PROVIDED DATA
=== Section Start ===

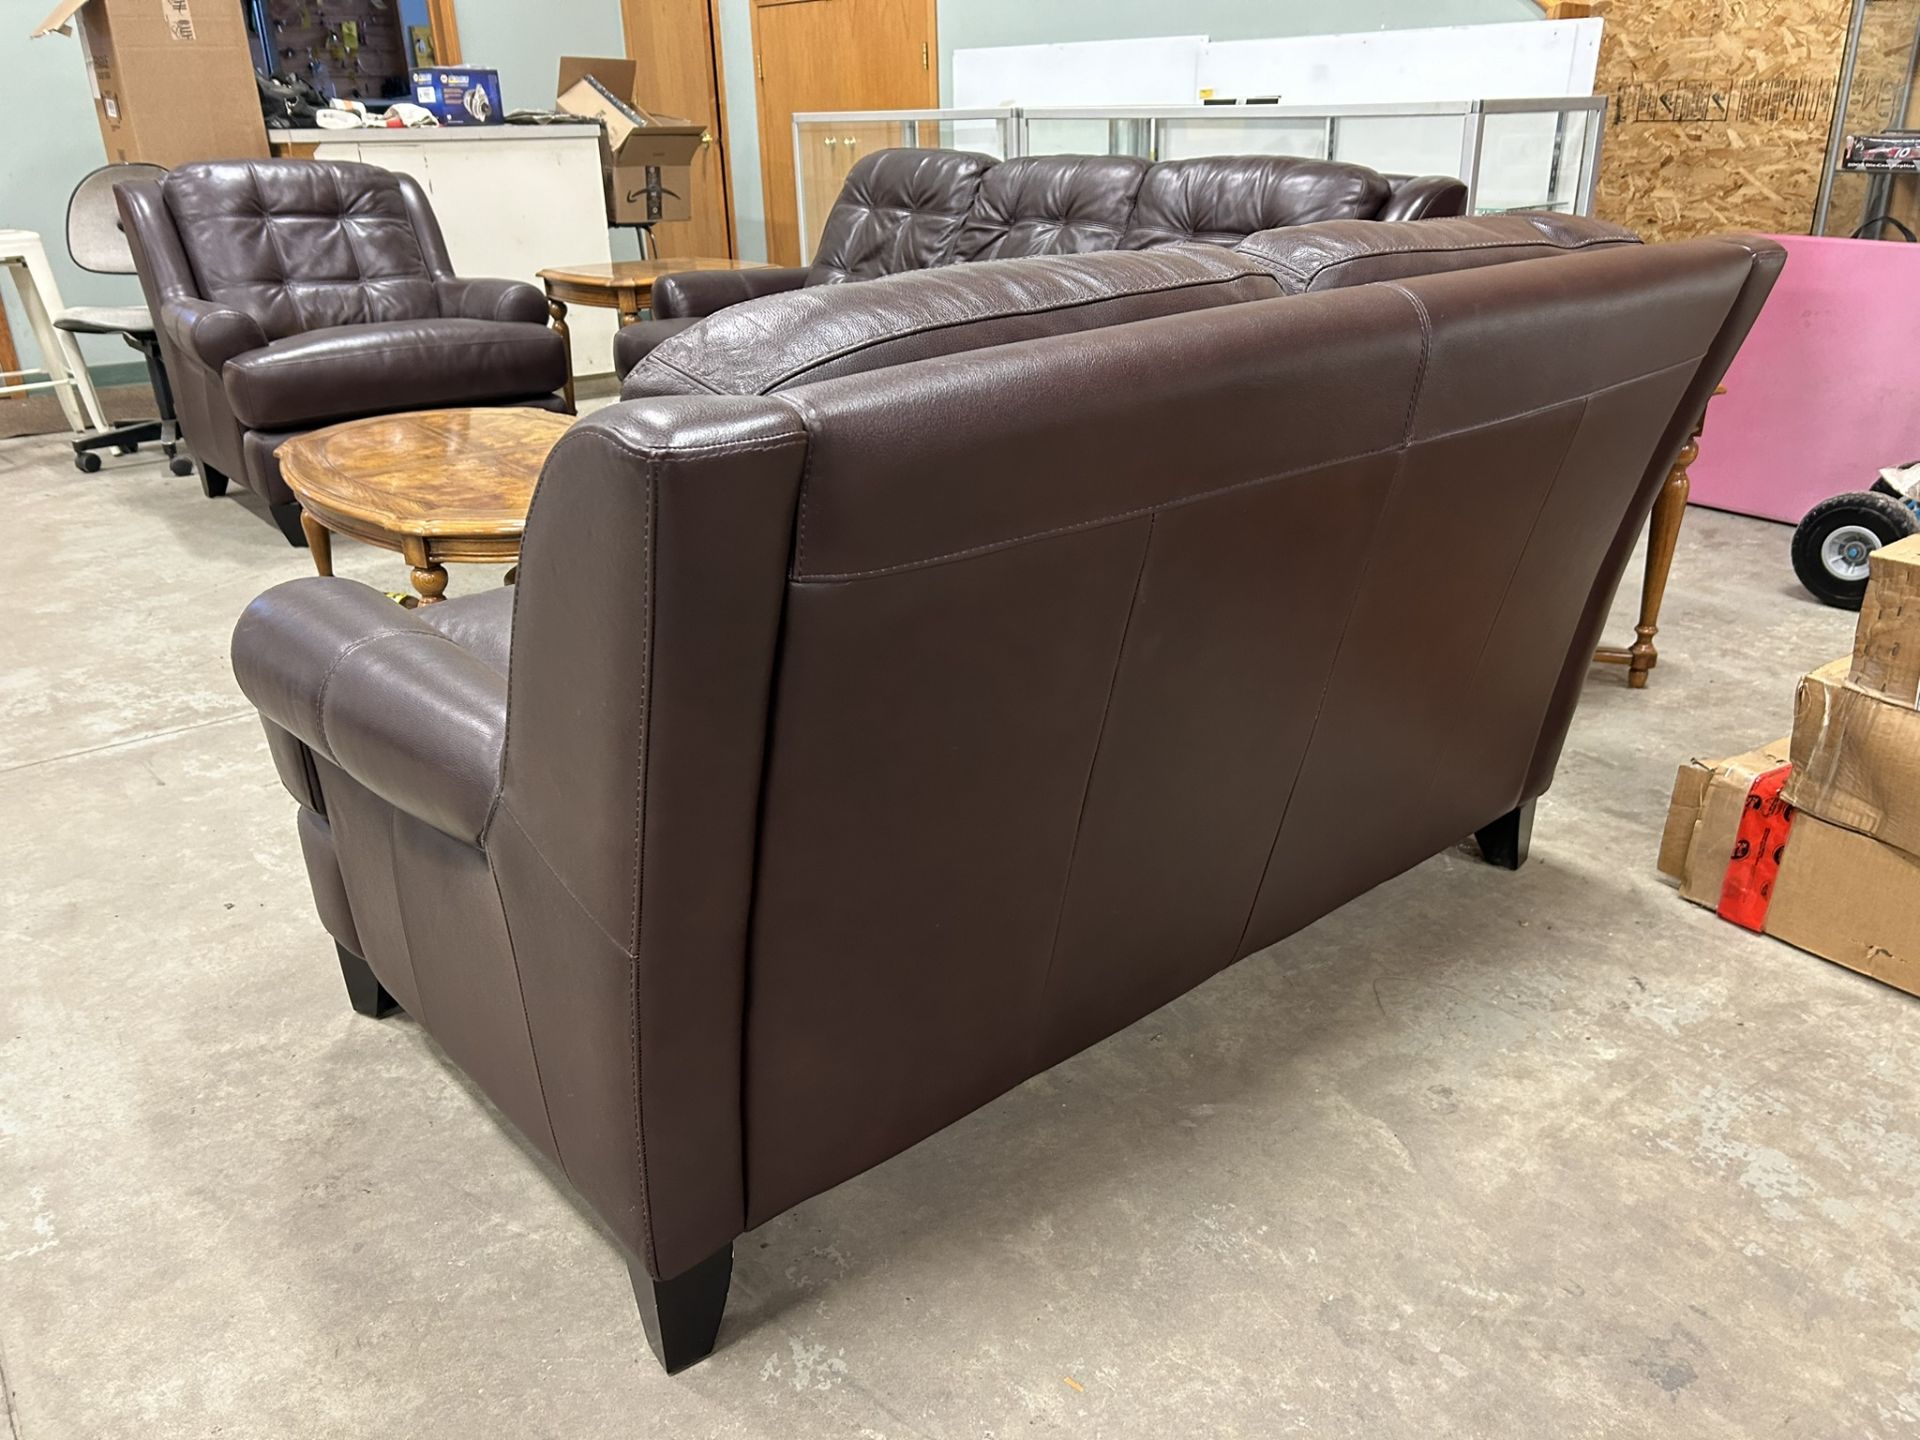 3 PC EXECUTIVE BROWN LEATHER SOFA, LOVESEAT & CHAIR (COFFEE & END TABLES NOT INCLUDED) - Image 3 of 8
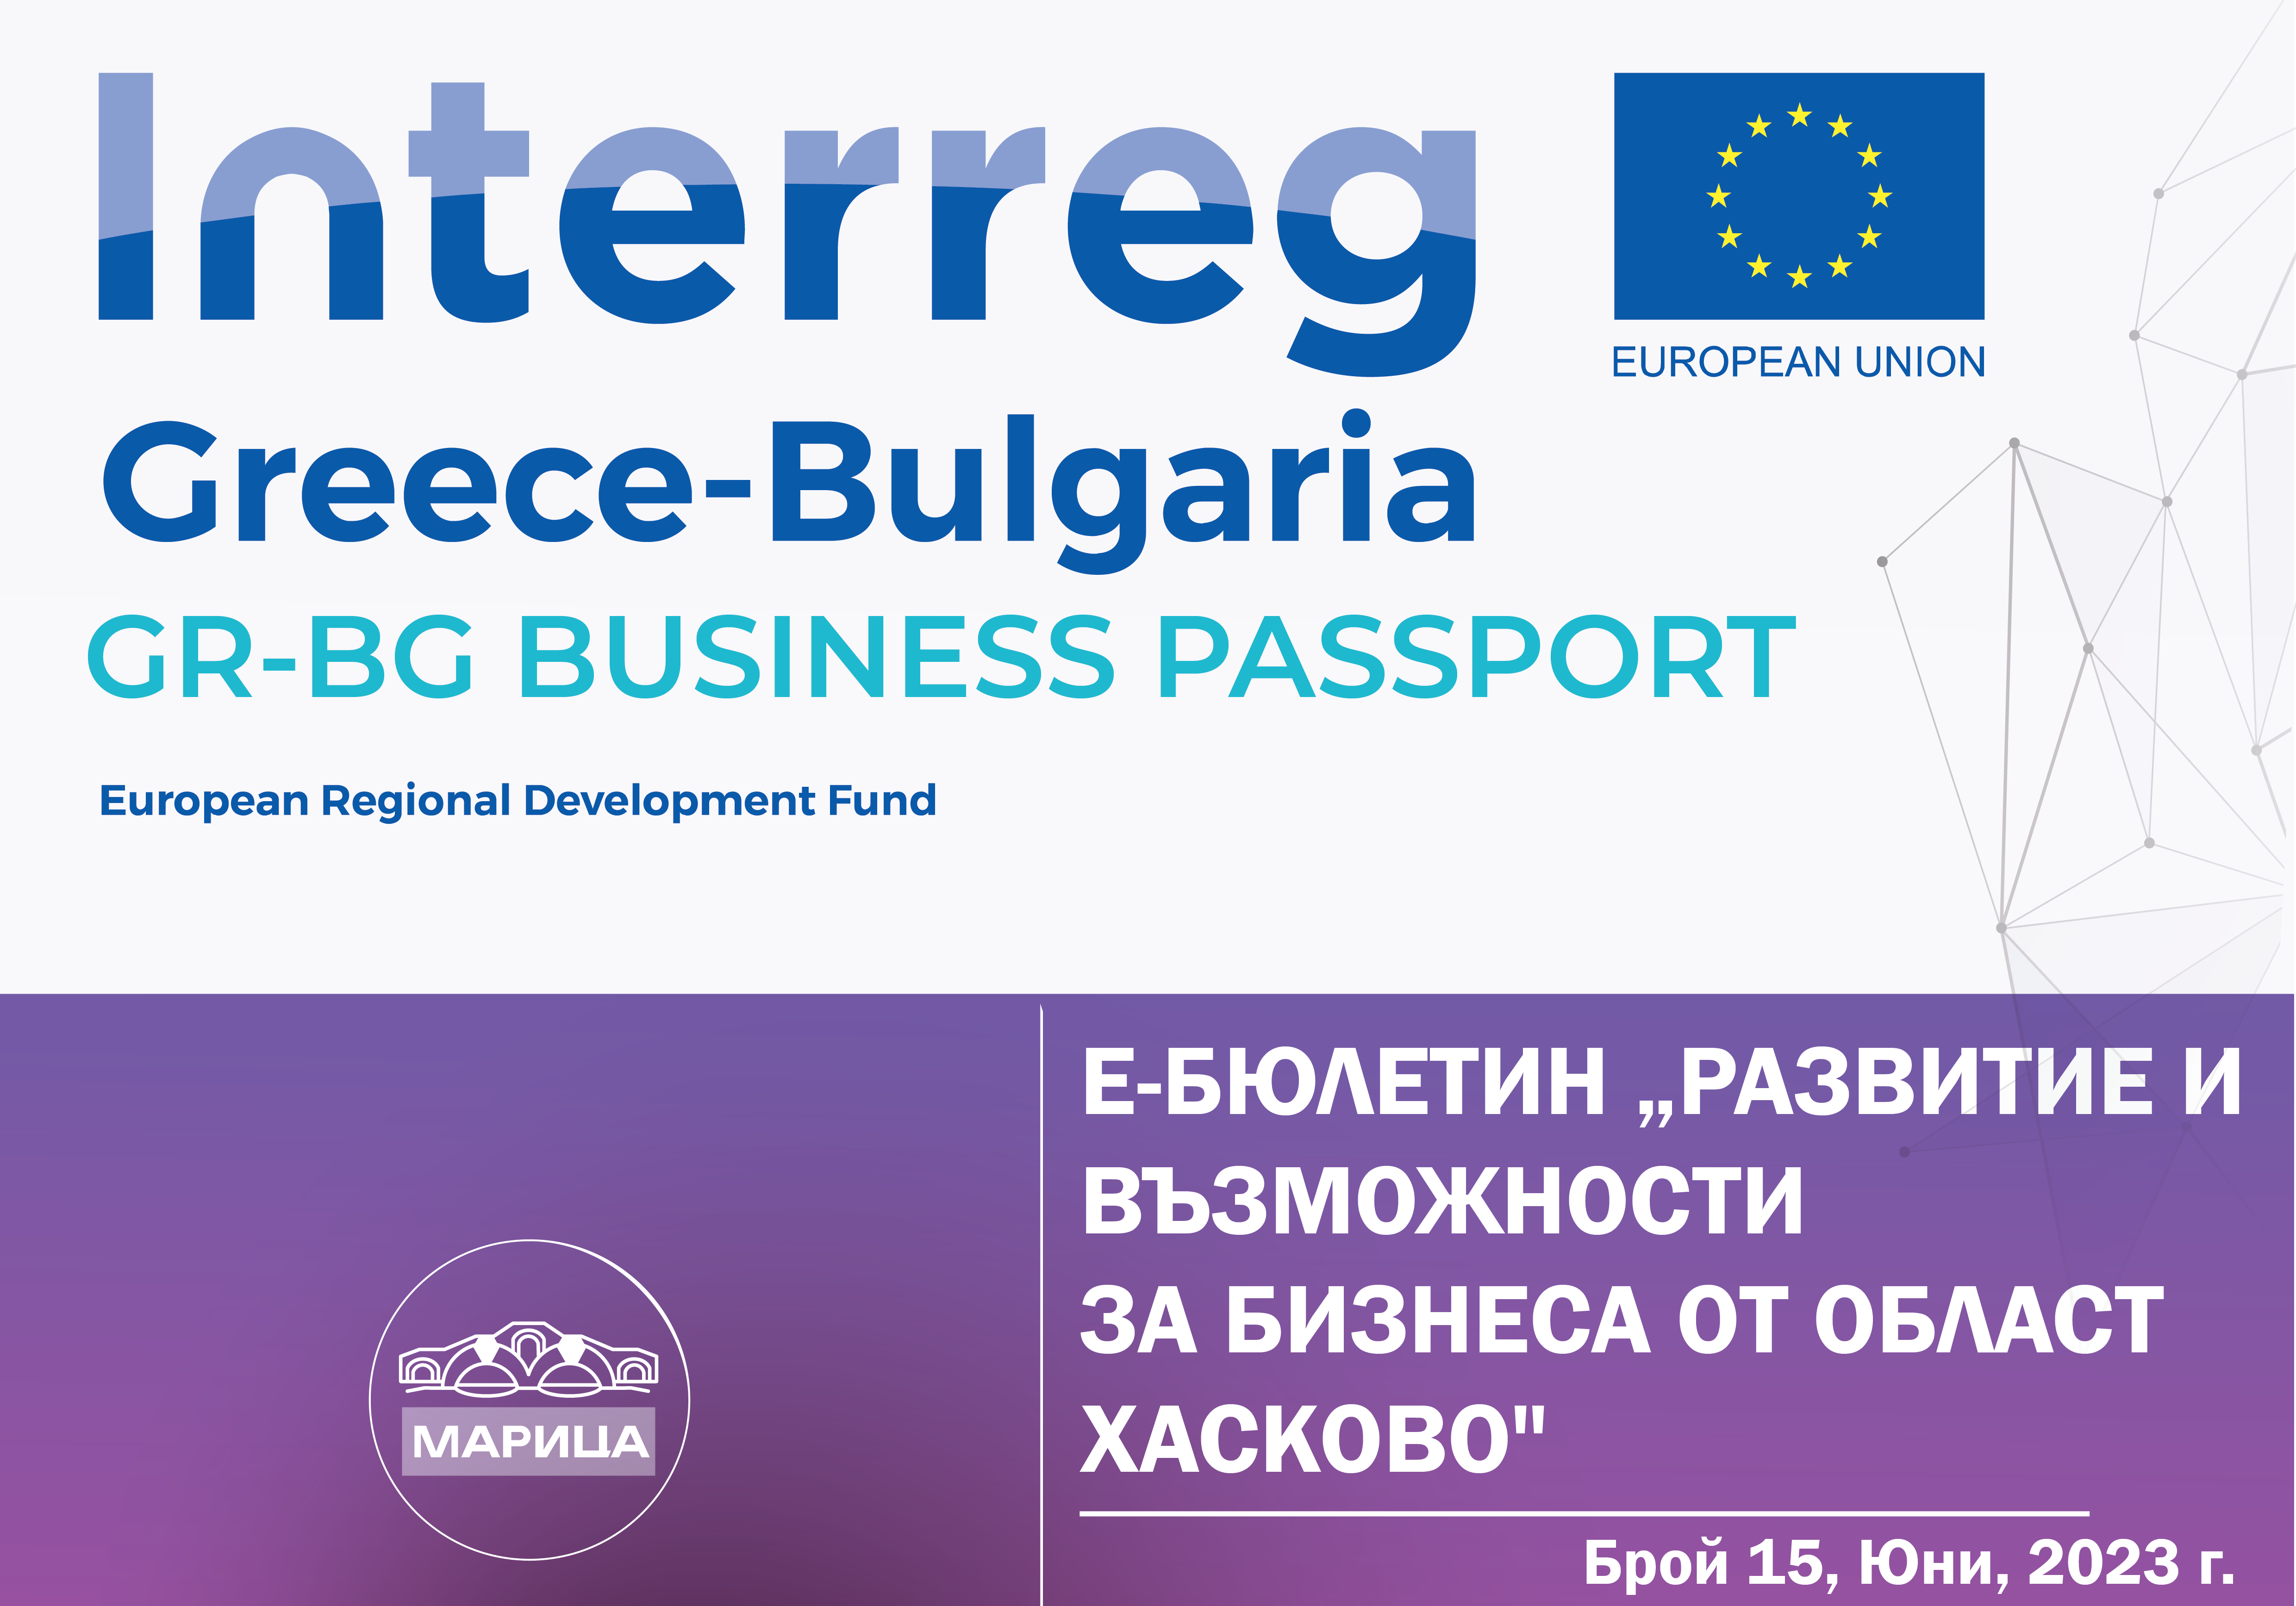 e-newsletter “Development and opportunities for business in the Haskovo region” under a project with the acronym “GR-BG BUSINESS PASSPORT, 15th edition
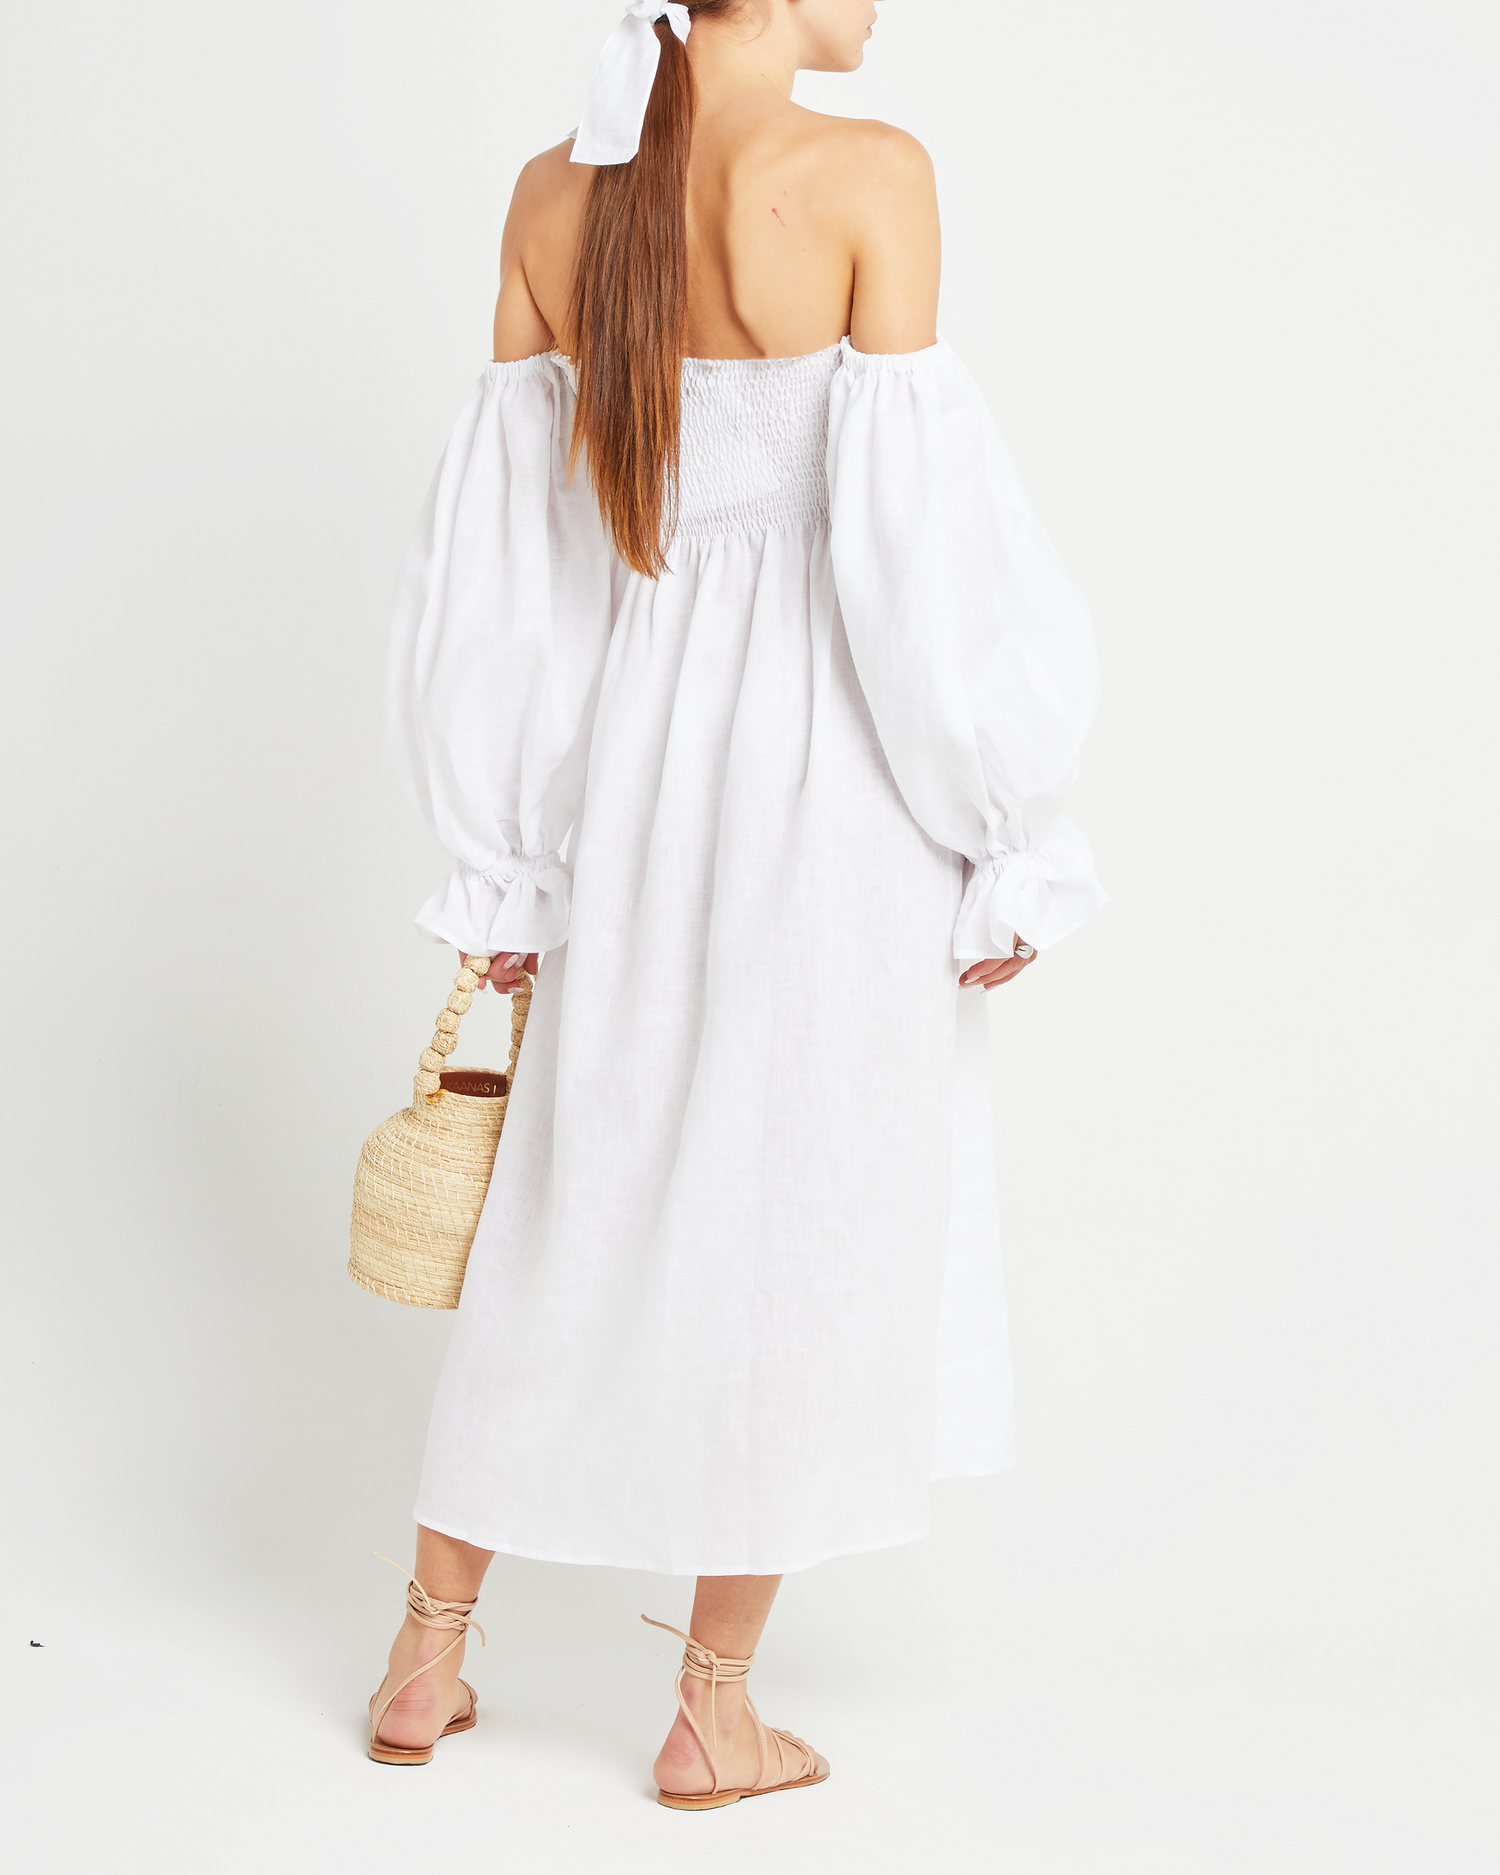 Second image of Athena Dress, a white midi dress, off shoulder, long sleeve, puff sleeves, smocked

=== Section End ===

ASSIGNMENT
A word-for-word retyping of the material above is expected, without pictures.

OUTPUT OF THE EXERCISE
 3 PC EXECUTIVE BROWN LEATHER SOFA, LOVESEAT & CHAIR (COFFEE & END TABLES NOT INCLUDED) - Image 3 of 8
 e-newsletter “Development and opportunities for business in the Haskovo region” under a project with the acronym “GR-BG BUSINESS PASSPORT, 15th edition
 Second image of Athena Dress, a white midi dress, off shoulder, long sleeve, puff sleeves, smocked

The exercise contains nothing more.